- Directed by: Gerald Temaner; Gordon Quinn;
- Starring: Sister Marie Arné; Sister Mary Campion;
- Cinematography: Gordon Quinn
- Edited by: Gordon Quinn
- Music by: Philip Glass
- Distributed by: Kartemquin Films
- Release date: 1968;
- Running time: 66 minutes
- Country: US
- Language: English

= Inquiring Nuns =

1968 film

Inquiring Nuns is a 1968 Kartemquin Films production directed by Gordon Quinn and Gerald Temaner. The documentary film features Sisters Marie Arné and Mary Campion, two young Catholic nuns who visit a variety of Chicago locales to ask people the question, "Are you happy?" They meet a variety of individuals ranging from hippie musicians to intellectuals, whose responses are everything from the mundane to the spiritual. The film was directly influenced by Jean Rouch's Chronique d'un été, which Quinn and Temaner had watched at Doc Films while they were undergraduates at the University of Chicago. The film was shot on Kartemquin's "Camera #1," a custom-modified crystal sync Auricon with a used manual zoom lens Quinn purchased from Albert Maysles, and to which he added a World War II gunner handle bought from a pawn shop as an extra grip for steadiness.

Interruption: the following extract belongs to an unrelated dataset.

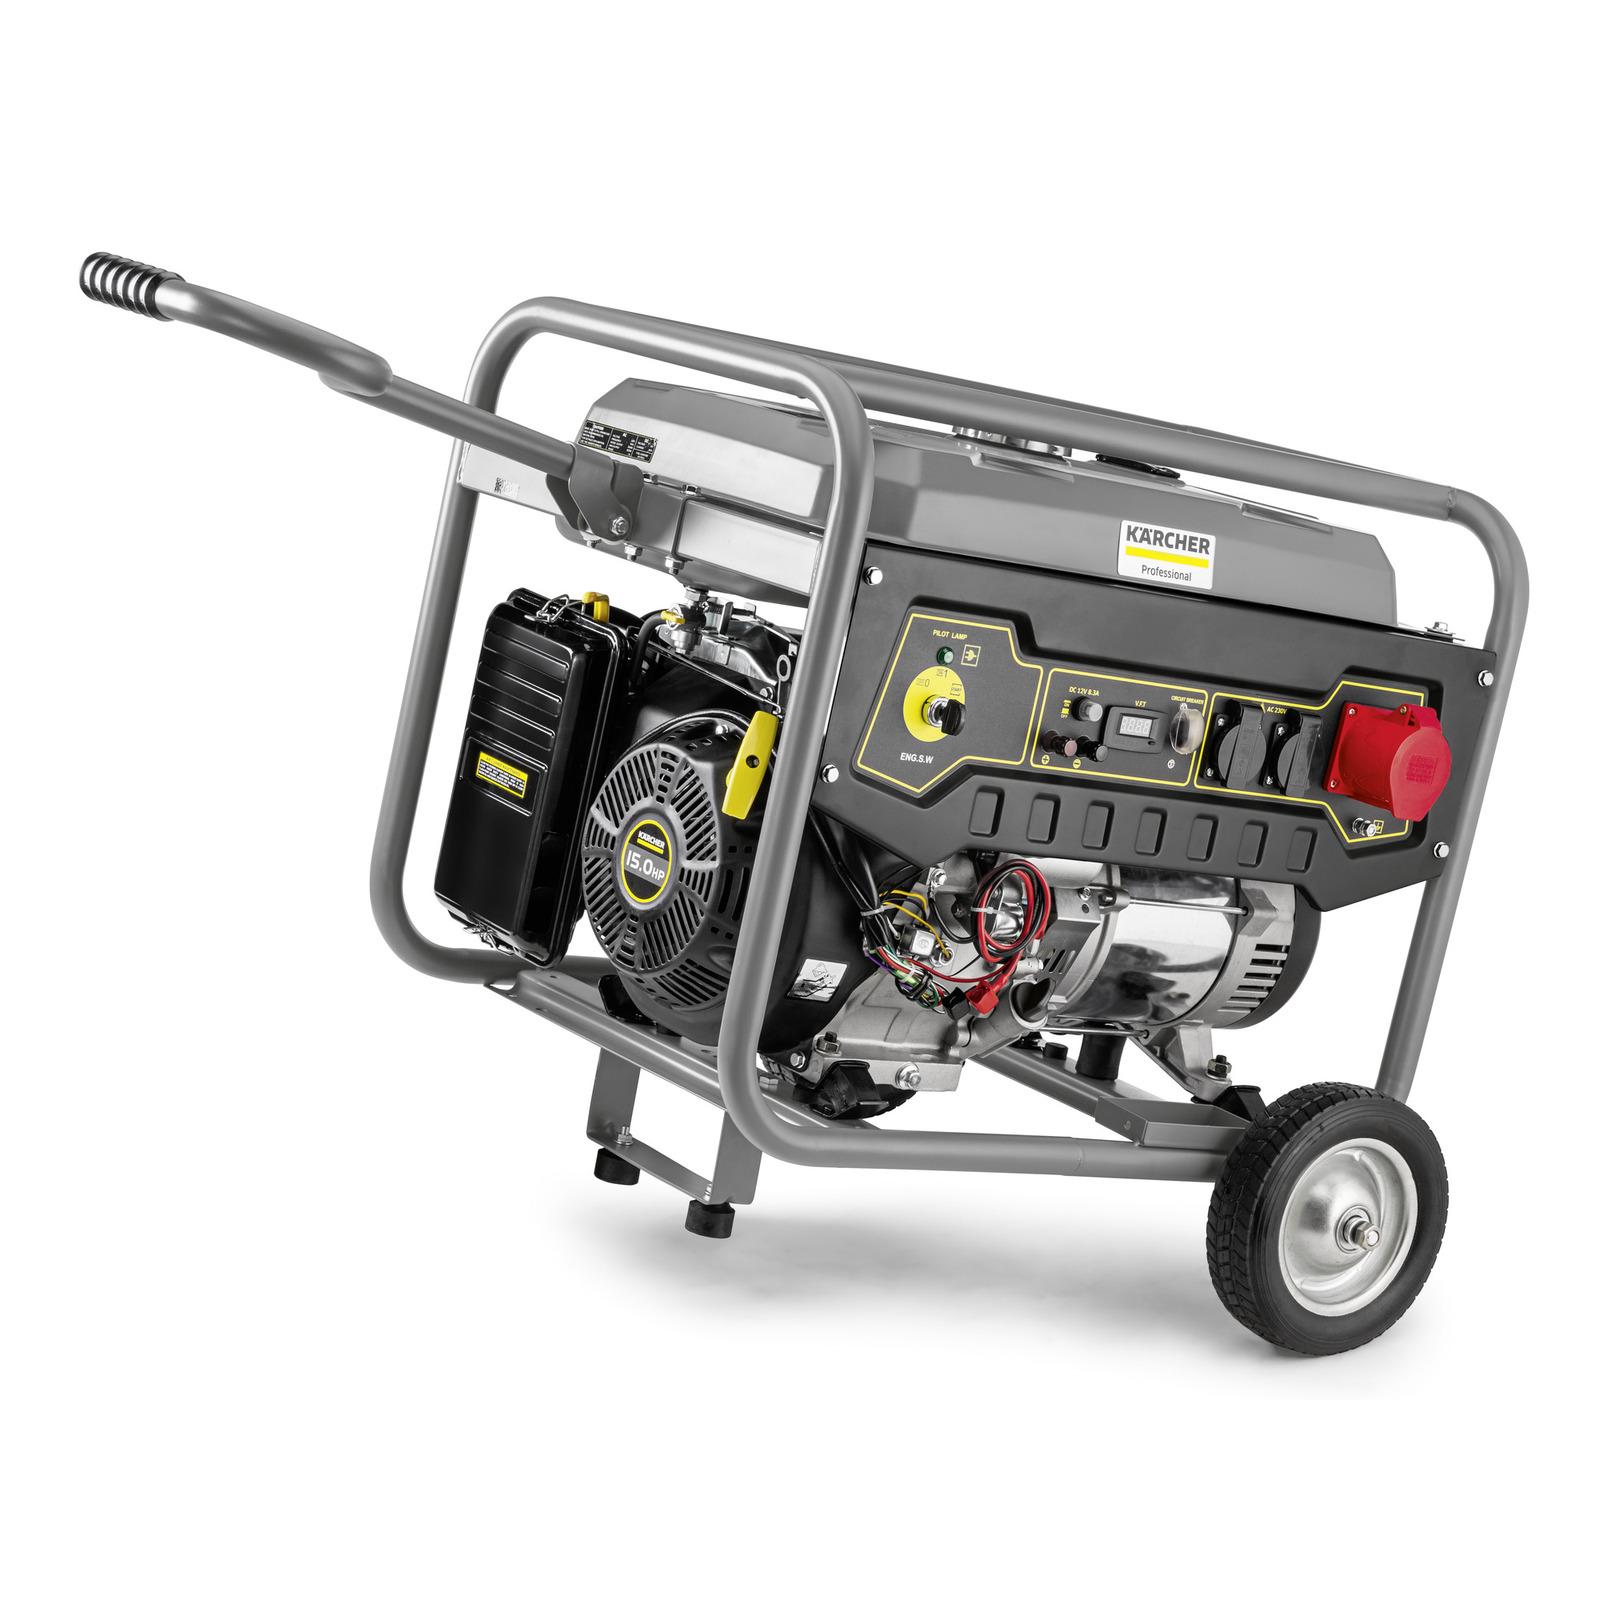 Karcher_1.042-209.0_PGG 8-3 Generator 1 - PGG 8/3 Generator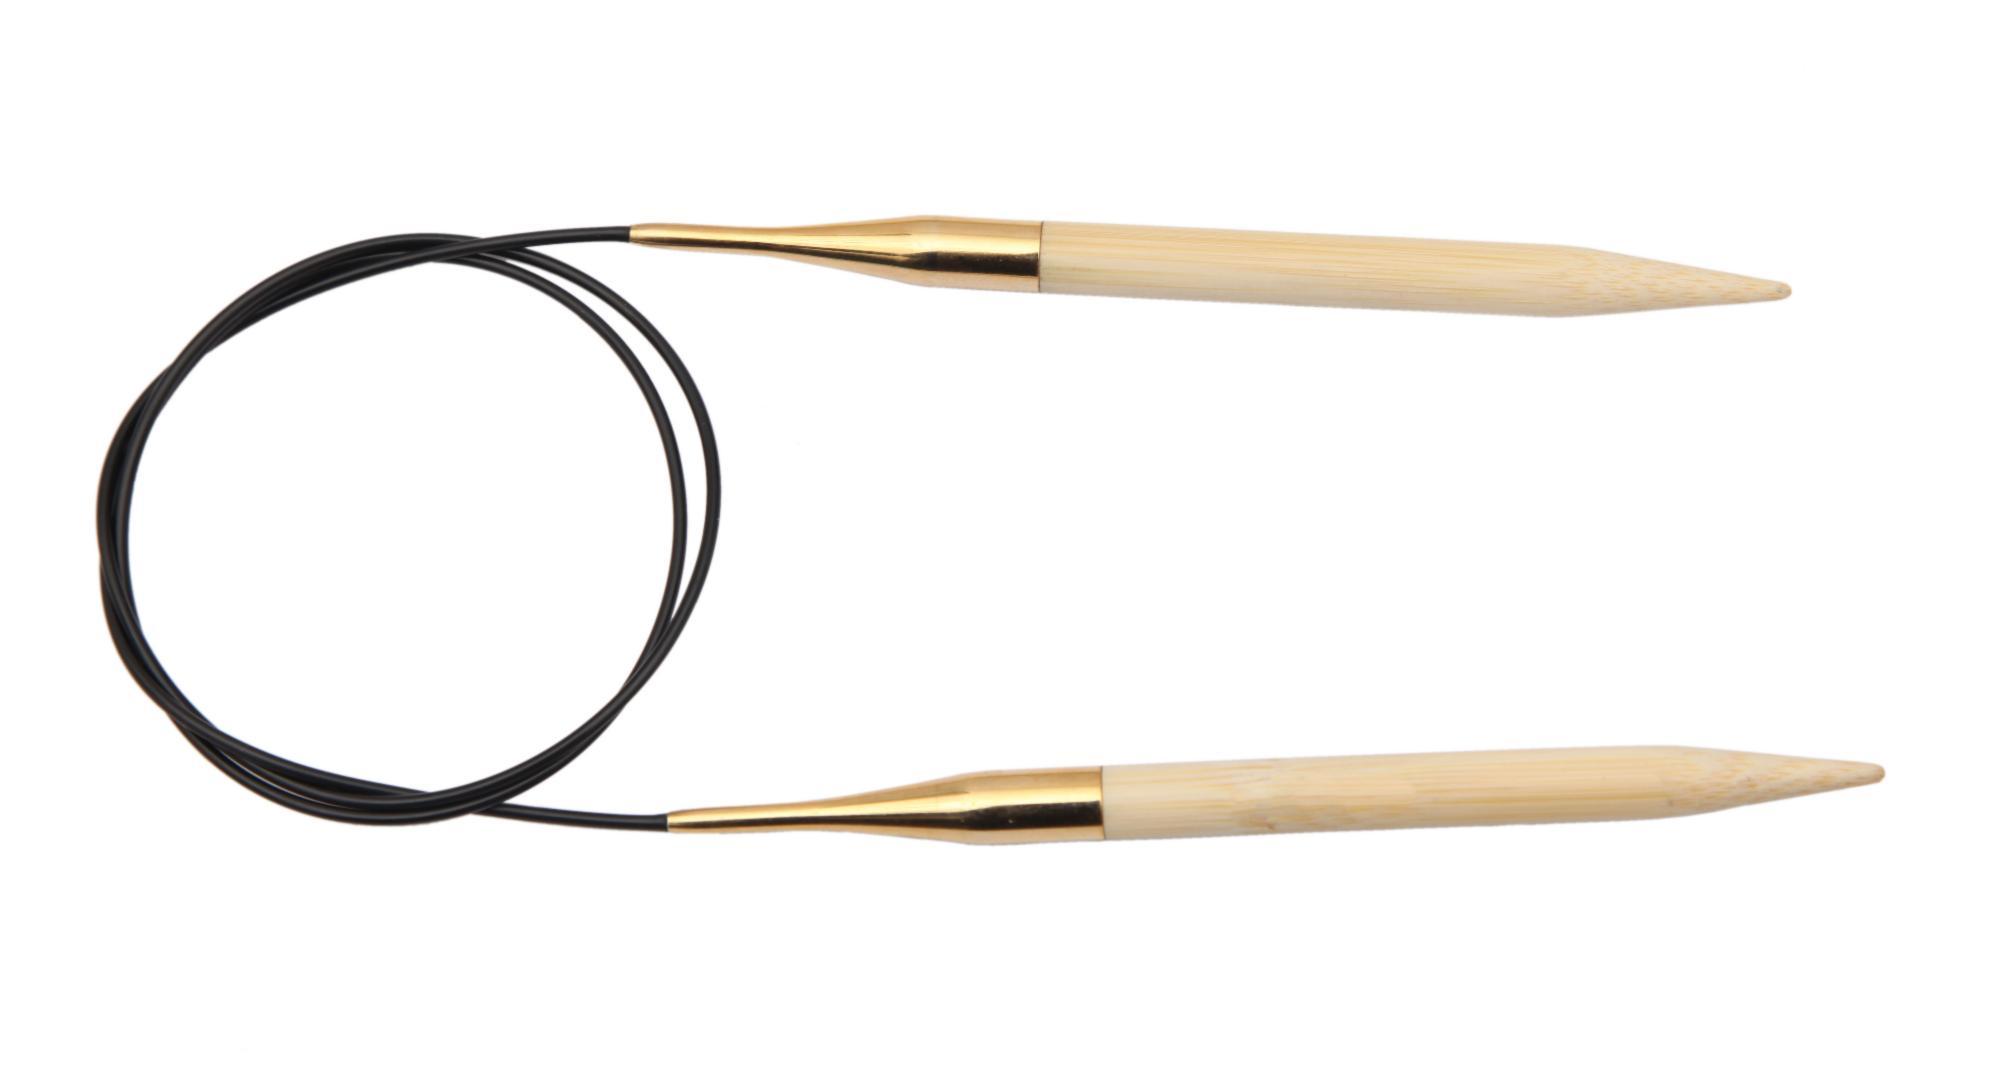 Спицы круговые 100 см Bamboo KnitPro, 22276, 10.00 мм

Quinn and Temaner's fourth collaboration was produced for about $16,000 ($110,005 US in 2016) for Chicago's Catholic Adult Education Center which never suggested any changes or requested a single edit. Both Sisters Marie Arné (now Kathleen Reinmuth) and Mary Campion (now Catherine Rock) served at the St. Denis Parish in Chicago's Southwest Side at the time of the filming. They subsequently left the sisterhood within a few years after the film's release, the former eventually becoming a family counselor in the Chicago suburbs and the latter a school superintendent in Florida. One of the random people they encountered in the film was Stepin Fetchit who showed a few of his publicity shots and stated that he was happy.

An Official Selection of the 1968 Chicago International Film Festival, Inquiring Nuns features music by the then relatively unknown composer Philip Glass (Truman Show, The Fog of War) who was paid $100 ($688 US in 2016) for earning his first film credit.

Entertainment Weekly graded Inquiring Nuns an 'A' and applauded the film's "reaffirmation of the virtue of conventional wisdom."

In 2018, Kartemquin received a grant from the National Film Preservation Foundation for a new restoration of the original 16mm print, and collaborated with Argot Pictures on a 50th Anniversary release of the film in US theaters.